Civilising Influence

Article excerpt

Although it was first broadcast 34 years ago, those who watched Kenneth Clark's series on the history of Western European culture, Civilisation on BBC2, still remember it as one of the great successes of a medium that some still regarded with disdain. The series brought high art to mass audiences without patronising them and, I suspect, encouraged the growth of art history as a serious subject to be studied.

On Radio Four this week, Miranda Carter looked at his life and work in Lord Clark - Servant of Civilisation (Thursday), pointing out that Private Eye's description of him as Lord Clark of Civilisation 'was a pointed reference to his poshness . . . 'This is true but, hearing his delivery again in this programme, the sincerity, intellect and passion with which he conveys his personal view of civilisation, makes the accent irrelevant. Posh voices are unfashionable in broadcasting; so too is Clark himself among art historians, as Carter pointed out. And yet he was a serious scholar, writer and lecturer.

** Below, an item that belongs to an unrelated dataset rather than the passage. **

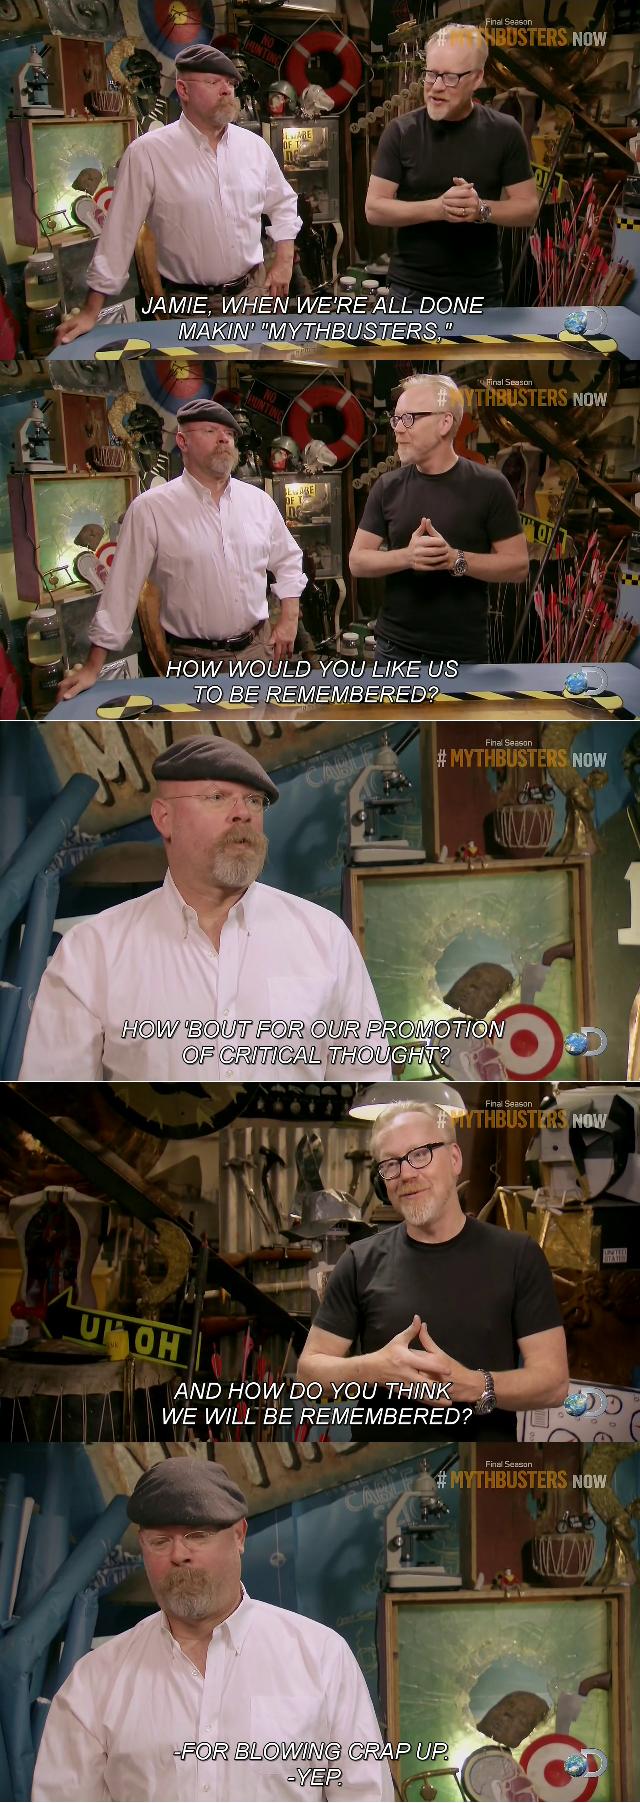 Mythbusters%3A+How+do+you+think+we+will+be+remembered%3F

Carter, author of Anthony Blunt: His Lives, believes Clark's writings should be reappraised as, between 1930 and the 1970s, he was one of the most influential men in the British art world. Neil MacGregor, former director of the National Gallery and now director of the British Museum, said, 'There's the carefully cultivated image of the patrician, the exquisitely cut suit on a Tuscan hillside, the assumption that this is part of an effortless superiority and breeding. And then, at the other end, there is, I think, without question, the most brilliant cultural populist of the 20th century.'

Clark came from a family of very rich Scottish thread manufacturers. His father, an idle drunk apparently, once gave him a golf course with a hotel attached, and of course he ended up at Saltwood Castle in Kent, later inherited by his elder son, the Tory MP Alan. Clark, though, was energetic and sometimes aloof. His biographer Fratn Dinshaw puts this down to a lonely childhood which made him shy, 'a great lecturer but a poor person to talk to after the lecture'. Years later Clark said in an interview that when he was presenting Civilisation and other programmes he never thought of the audience at all. The programmes were soliloquies. I was simply talking to myself. I was an only child and I used to take very long walks and on those walks I used to talk to myself.'

Curiously, it was Lew Grade, the showbusiness mogul, who persuaded him to bring high art to the television (Grade also brought A. …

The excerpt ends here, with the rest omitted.